To someone trained, everything is in plain sight. Whatever isn’t in plain sight is hidden behind drywall.

Reverse engineering is just finding the right tool to rip off the dry wall and then looking at the mess underneath. It’s easier if you get blueprints (sourcecode), but even if you don’t have blueprints, you can still see what’s actually there (assembled binary).

Anonymous 0 Comments

I’m not sure if it’s been mentioned yet, but modern compilers have a lot of tricks they use to make the computer program run faster, so it’s not like one line of C source code will always compile to the same set of machine code (so would be easy to reverse back to the source code), instead there are all kinds of different combinations of complicated machine code that might be generated depending on what the compiler thinks the program is trying to do, so it’s not possible to completely unpick it back to the original source code.

Anonymous 0 Comments

This this something that’s a side effect of what is called **compilation**.
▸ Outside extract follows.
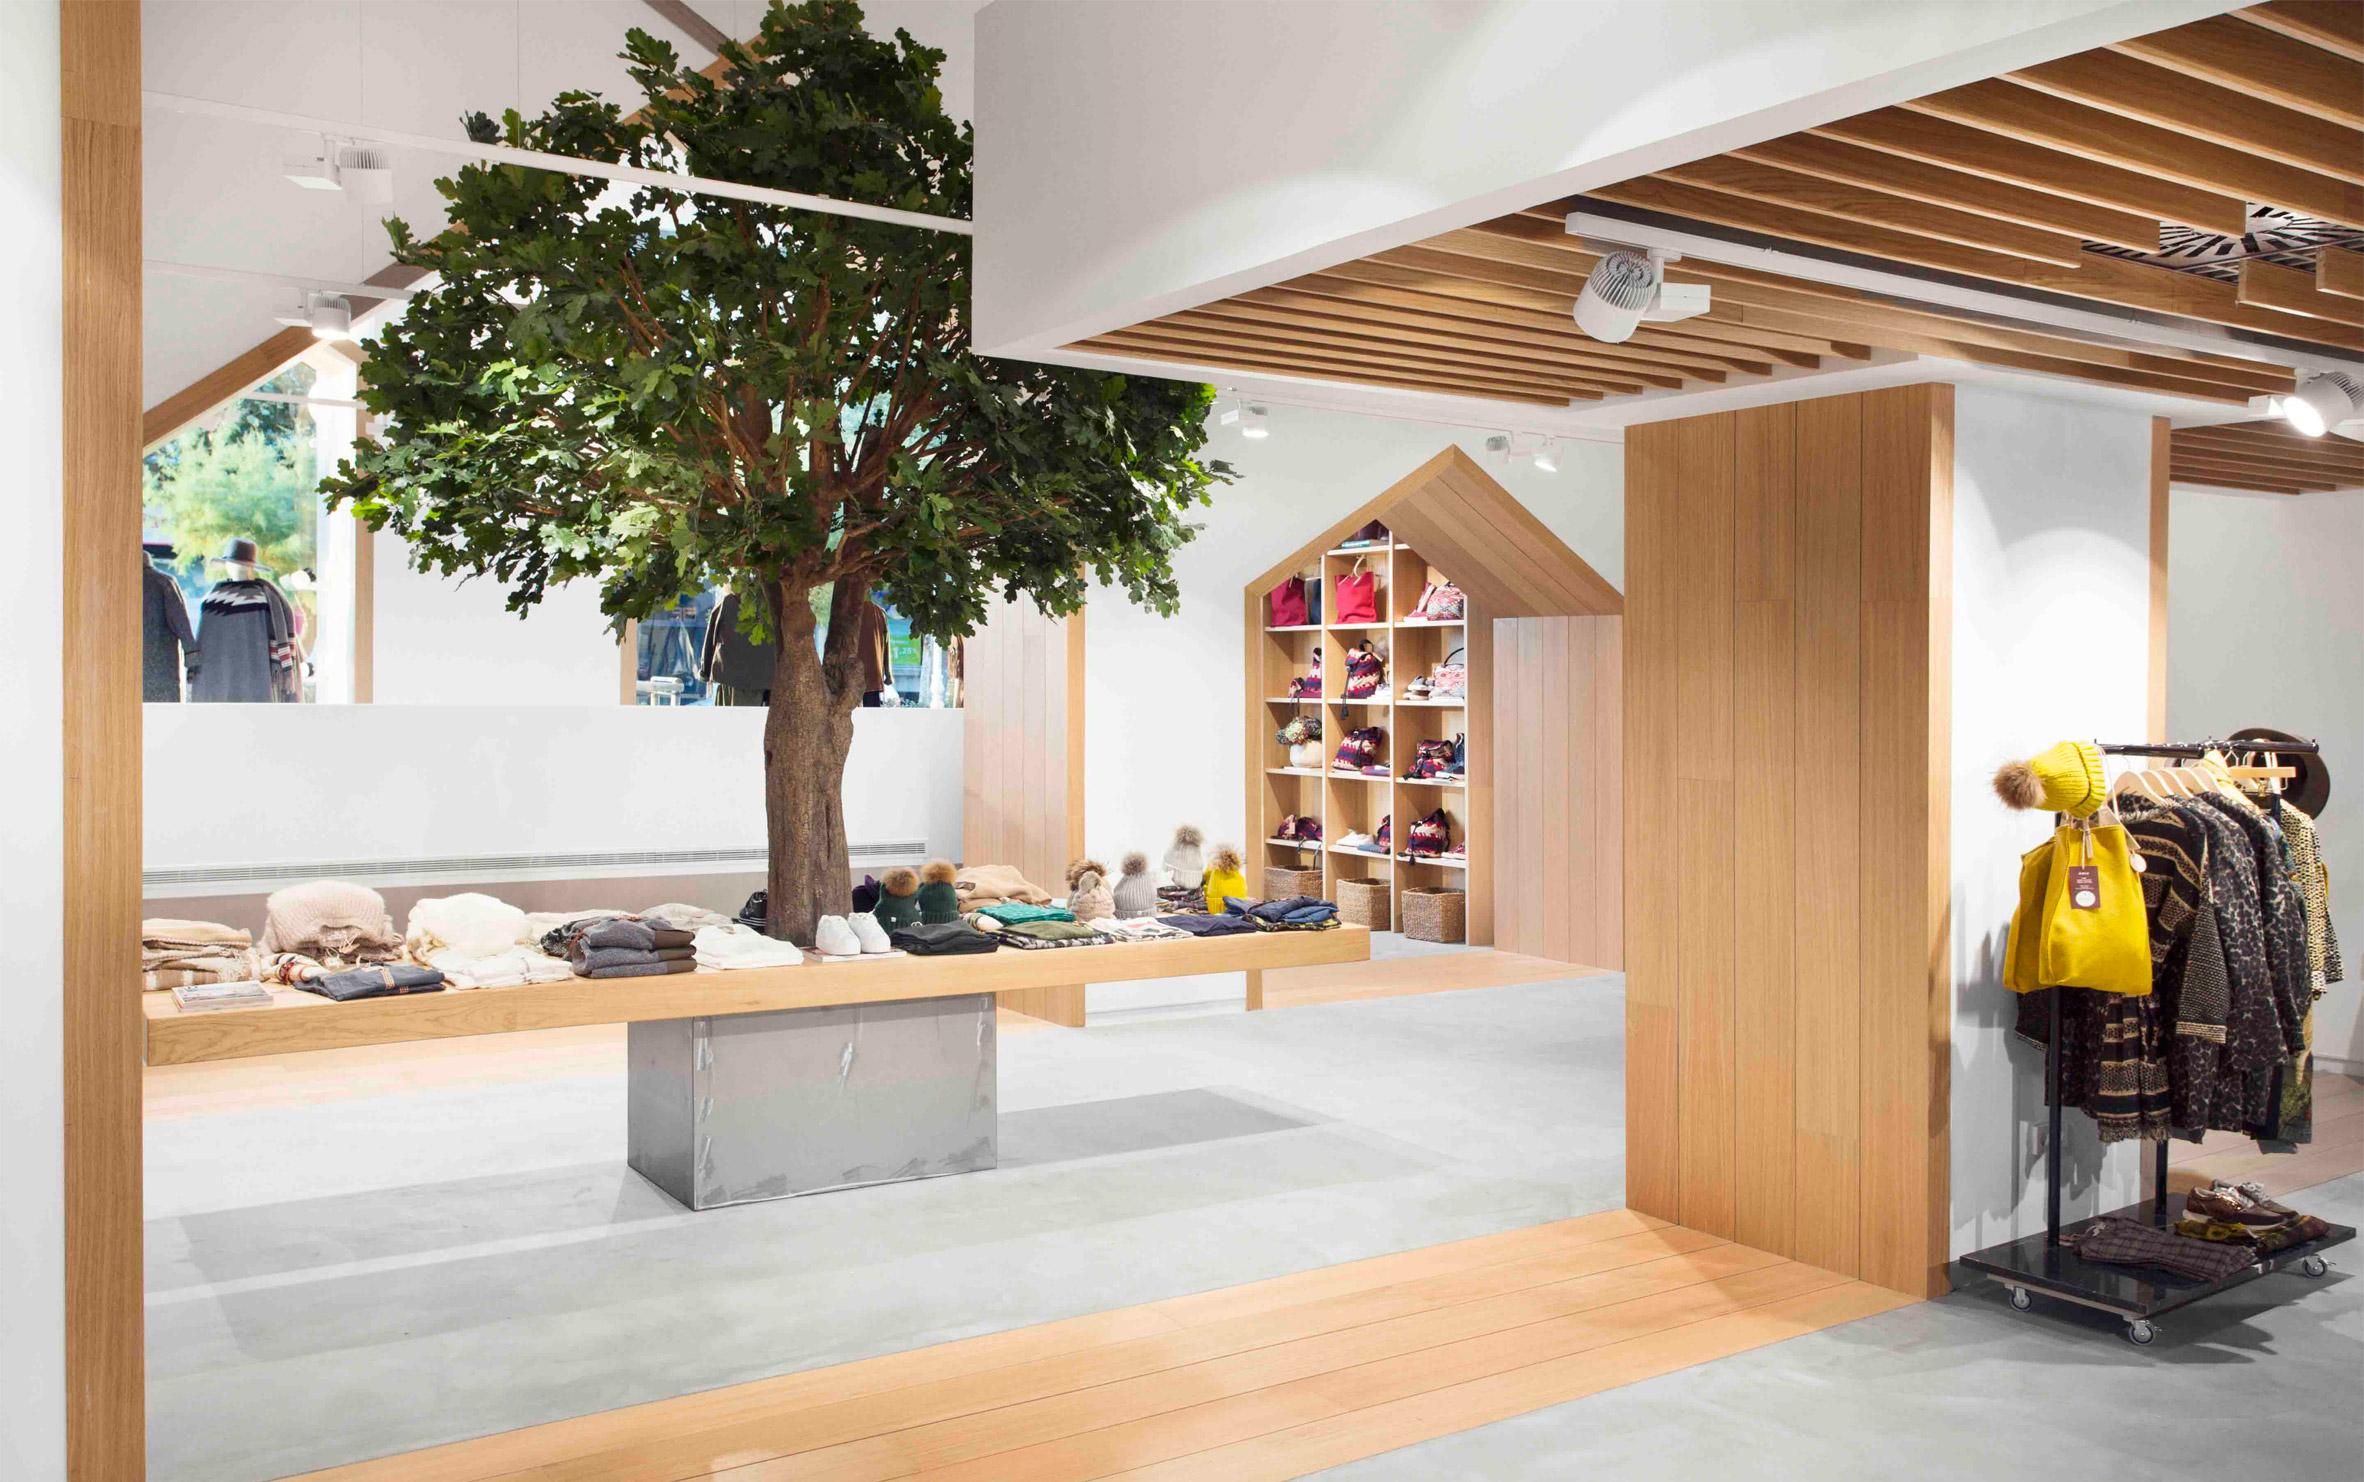 sketch-concept-store-pauzarq-arquitectos_dezeen_2364_4

When someone writes source code it is written in a sort of natural language eg “if x do y”, but a computer only understands a set of very simple instructions eg “read value, set value, compare value” (to learn more look up ‘assembly language’).

So in order for source code to actually perform, it has to be translated from the higher level language into a series of the simple instructions that the computer actually knows how to perform – this translation process is **compilation** and produces files like the .exe you might click on to run a program.
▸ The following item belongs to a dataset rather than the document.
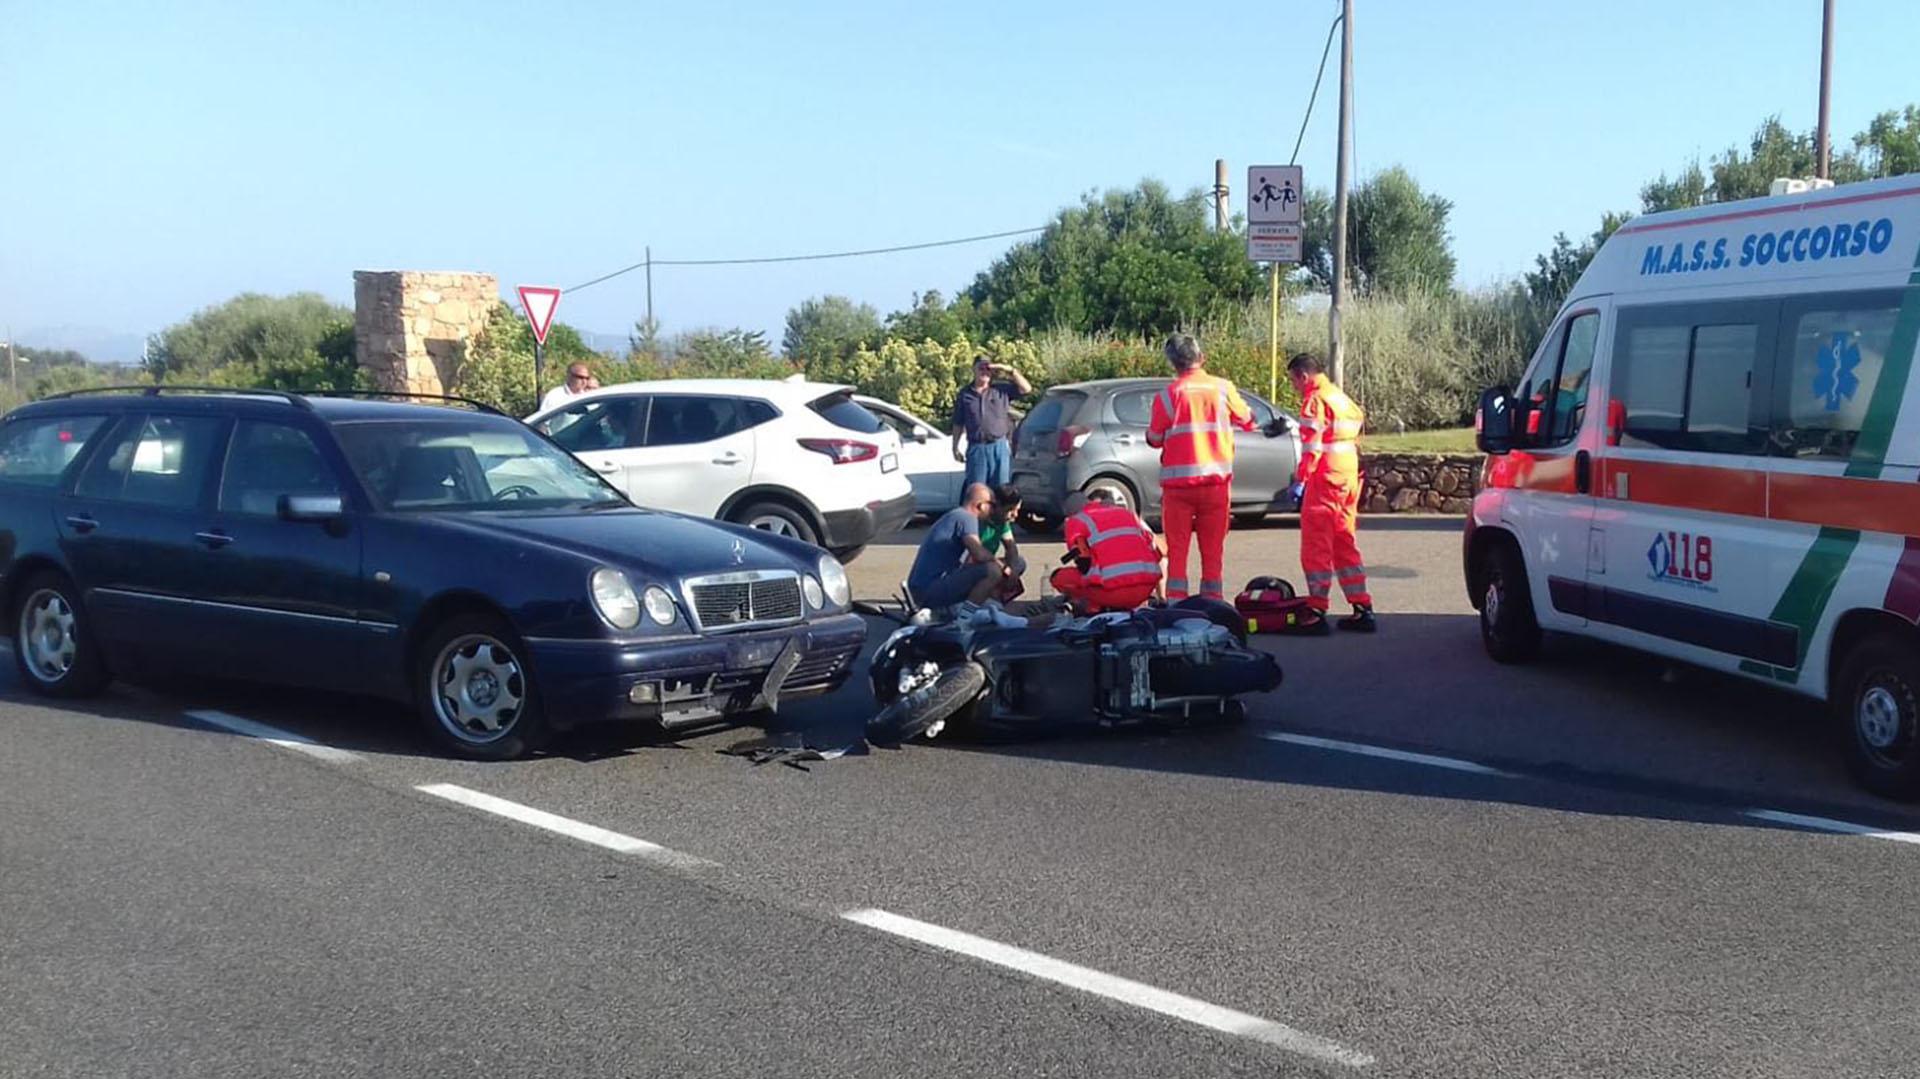 Una unidad de emergencias aguarda para trasladarlo al hospital Juan Pablo II de Cerdeña. (Grosby Group)

If you then were to open up a compiled file, you would see a long list of simple computer instructions that cause the program to run, but is incredibly hard for a human to understand. Additionally, because a single line of source code could compile into more than one instruction, it can be hard to convert it back into the code that it was compiled from.

Though it’s not impossible! There are programs that exist which can reverse engineer, or decompile, the list of instructions and try to make a best guess as to what the original source code looked like, though it might not be an exact replica as some data gets lost in the compilation process.

Anonymous 0 Comments

Because the whole reason it is not opensource in the first place is so that you can’t rip them off and sell their work as being yours. They don’t trust that you won’t do it just because “it’s illegal” so they go the extra mile to hide it.

Anonymous 0 Comments

The source code for many commercial softwares have been leaked. The real obstacles, regardless of if you stole the source or decompiled it, are legal. There isn’t much useful you can do with it without getting sued into oblivion, and most software is pretty unremarkable anyway in terms of what it does; as in, nobody’s looking at MS Word and scratching their head as to how it does something.